Spain reveals deep cuts to meet deficit target
MADRID SPAIN announced deep cuts to its central government budget on Friday as it battles to convince European partners and debt markets it can rein in its budget deficit in the face of growing complaints from the public.
The government said it would make savings of 27 billion euros (22 billion pounds) for the rest of 2012 from the central government budget, equivalent to around 2.5 percent of gross domestic product.
The figure includes tax rises and spending cuts of around 15 billion euros announced in December.
The cuts come despite popular resistance - a general strike on Thursday disrupted transport, halted industry and saw some minor violence - and against a grim economic backdrop; Spain is thought to have fallen back into recession in the first quarter and has the highest unemployment rate in the European Union.
“Everyone knows the difficult problem we face in this country, and it calls for special efforts in fiscal consolidation and structural reforms to grow and create employment,” Deputy Prime Minister Soraya Saenz de Santamaria said after the weekly cabinet meeting.
The centre-right government, which swept to power in November with the largest parliamentary majority in 30 years, has already passed labour market and banking sector reforms that it says can improve competitiveness and reduce wage costs.
EU partners have agreed to let Prime Minister Mariano Rajoy aim for a total 2012 deficit at 5.3 percent of gross domestic product, a less demanding goal than the 4.4 percent originally suggested but substantially less than last year’s 8.5 percent.
Speaking in Copenhagen after an EU ministerial meeting, Spanish Economy Minister Luis de Guindos said the measures would be implemented as soon as possible, adding that any suggestions that Madrid needed emergency international funds were “absurd”.
Spain is trying to assure its EU partners that it is in control of slashing its deficit and to avoid needing a bailout package like that of smaller neighbour Portugal. “What comforts markets are domestic policies.
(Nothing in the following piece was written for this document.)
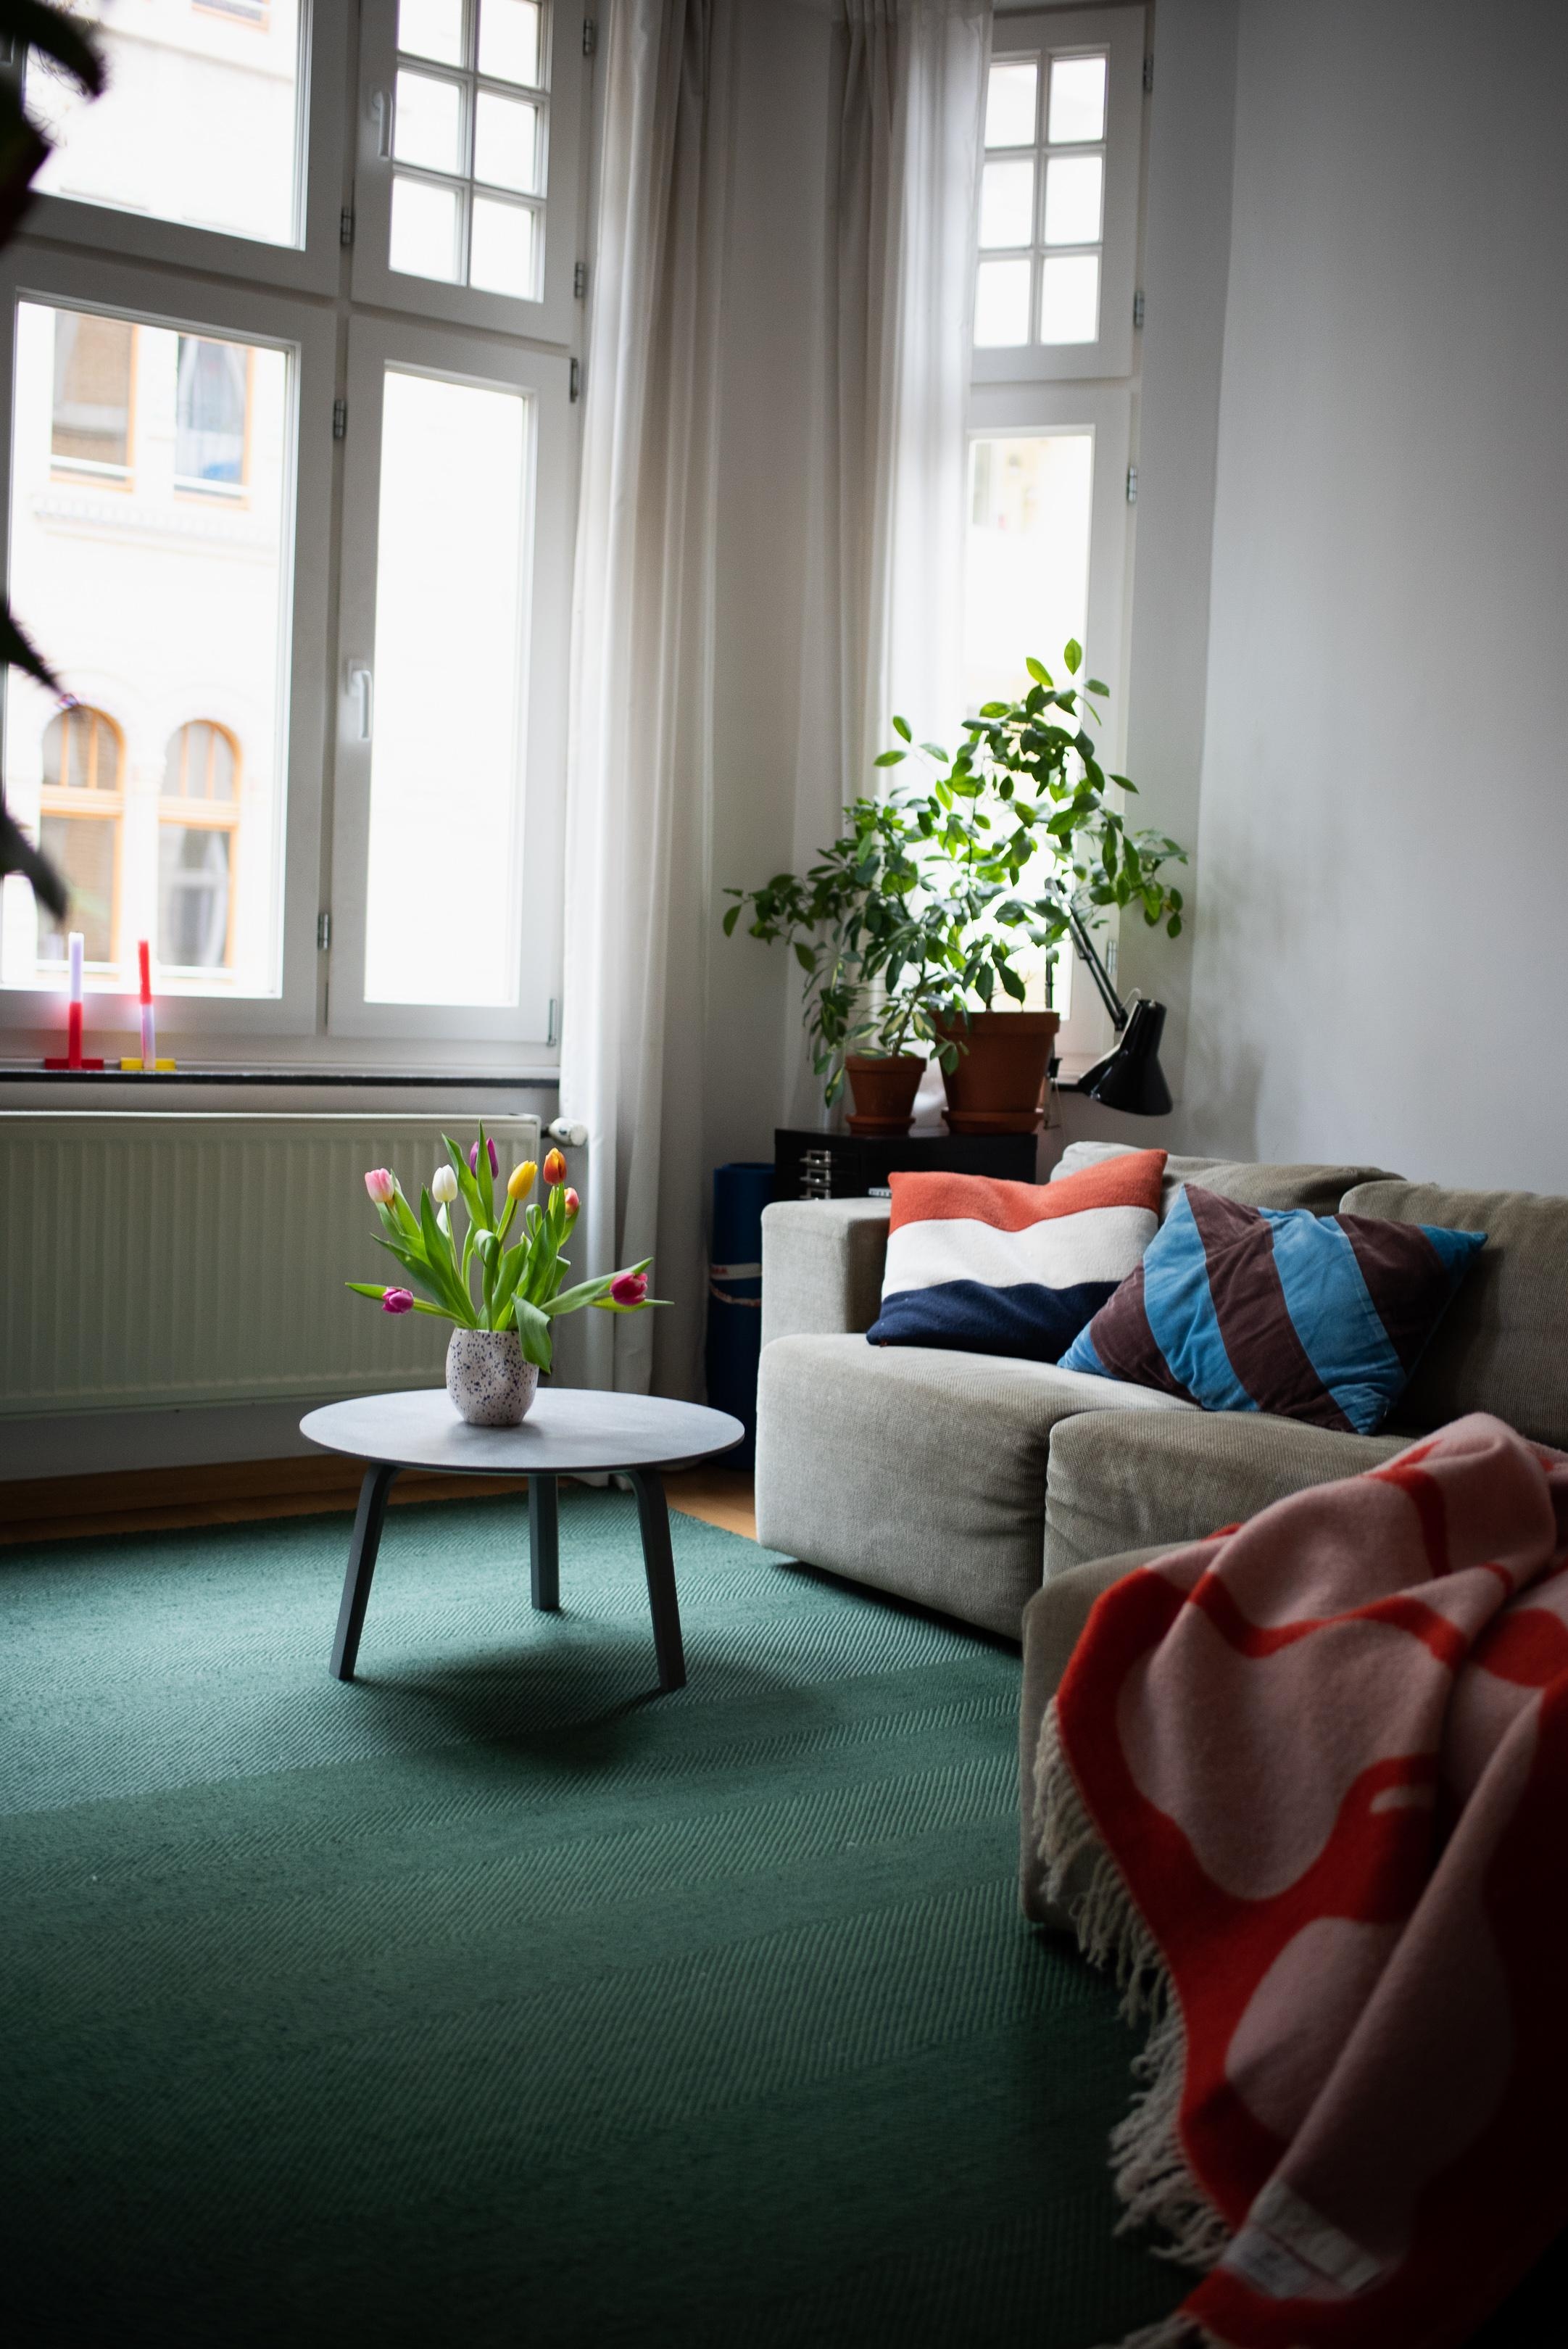 Kommt gut in die sonnige Woche #wohnzimmer #livingroom #sofaecke #altbau #tulpen
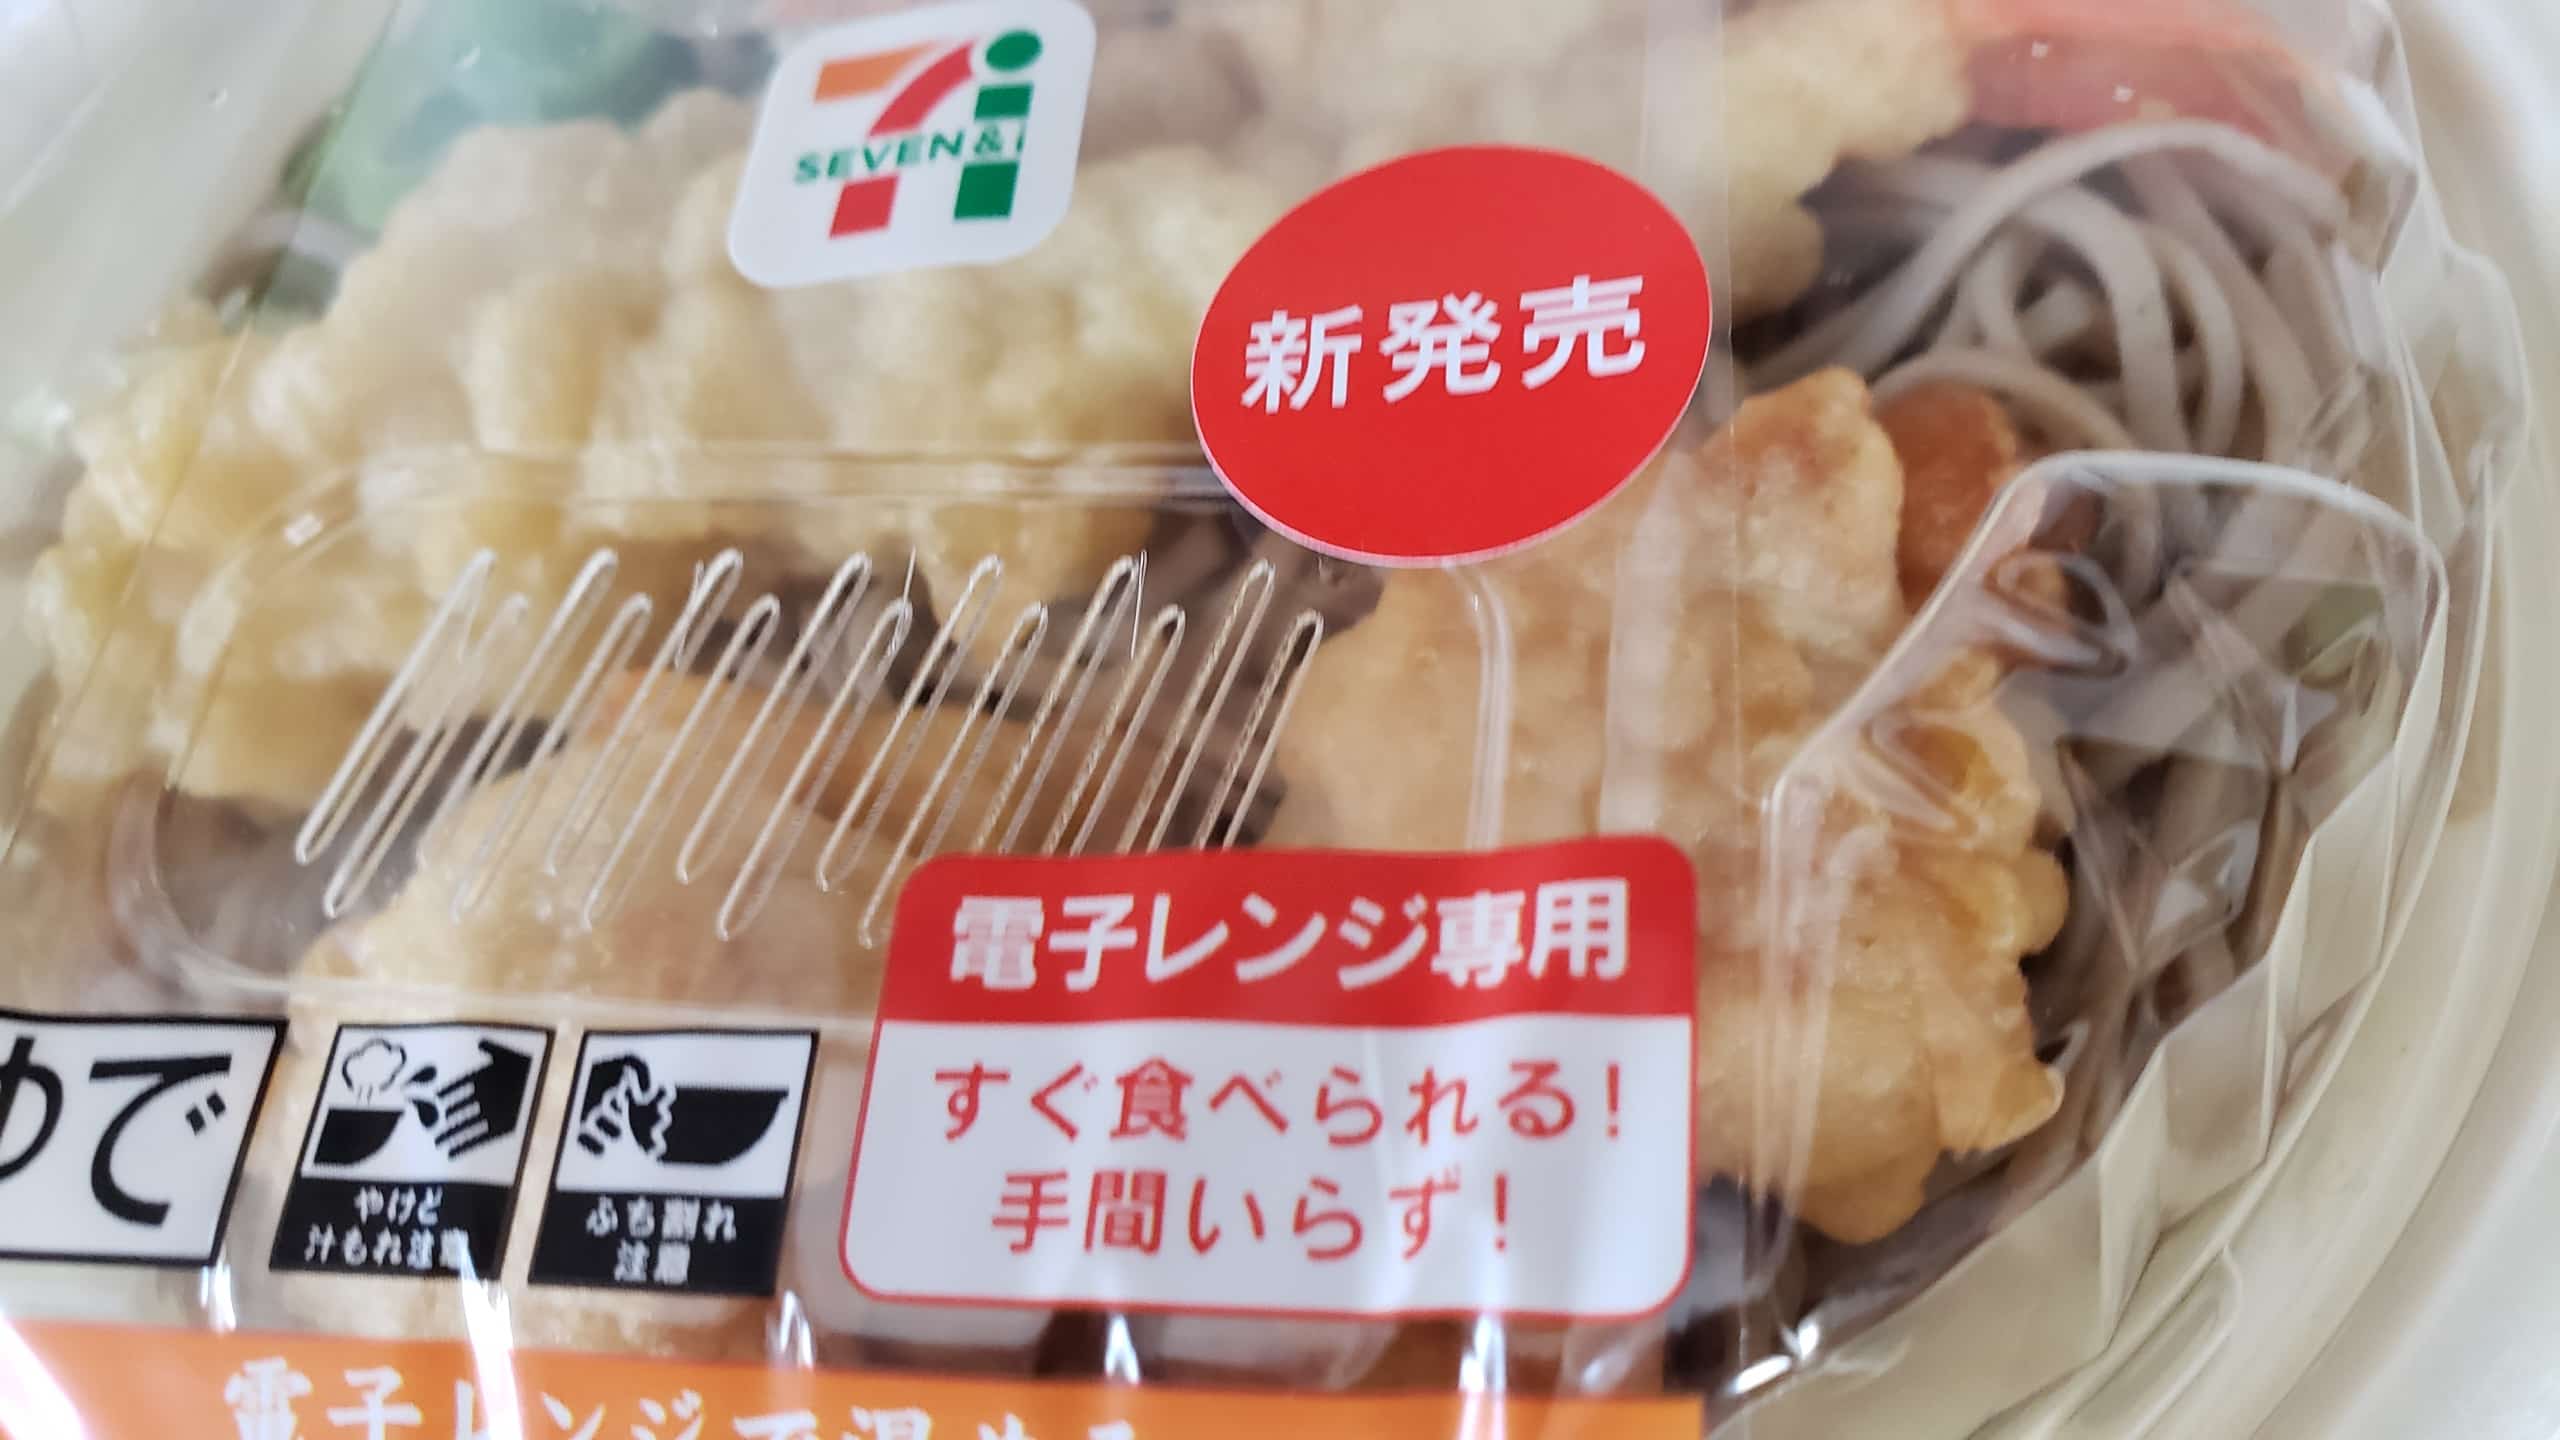 19 04 セブンのそば復活 新製品 2種盛天ぷら蕎麦 で おいしさを取り戻せ

If we don’t do what is needed, then there will be no rescue fund that is big enough,” de Guindos said.
Finance ministers agreed on Friday to increase a financial firewall to 700 billion euros to ward off fears the euro zone debt crisis could spill over to Spain or Italy, much larger economies than those bailed out previously.
The Spanish government said it was aiming for a central government deficit equivalent of 3.5 percent of GDP, a deficit of 1.5 percent of GDP coming from Spain’s regions and a balanced social security budget. Smaller local authorities expect a deficit equivalent to 0.3 percent of GDP.
The regions announced a deficit of 2.9 percent of GDP in 2011, meaning they would have to cut around 15 billion euros to meet the 2012 target.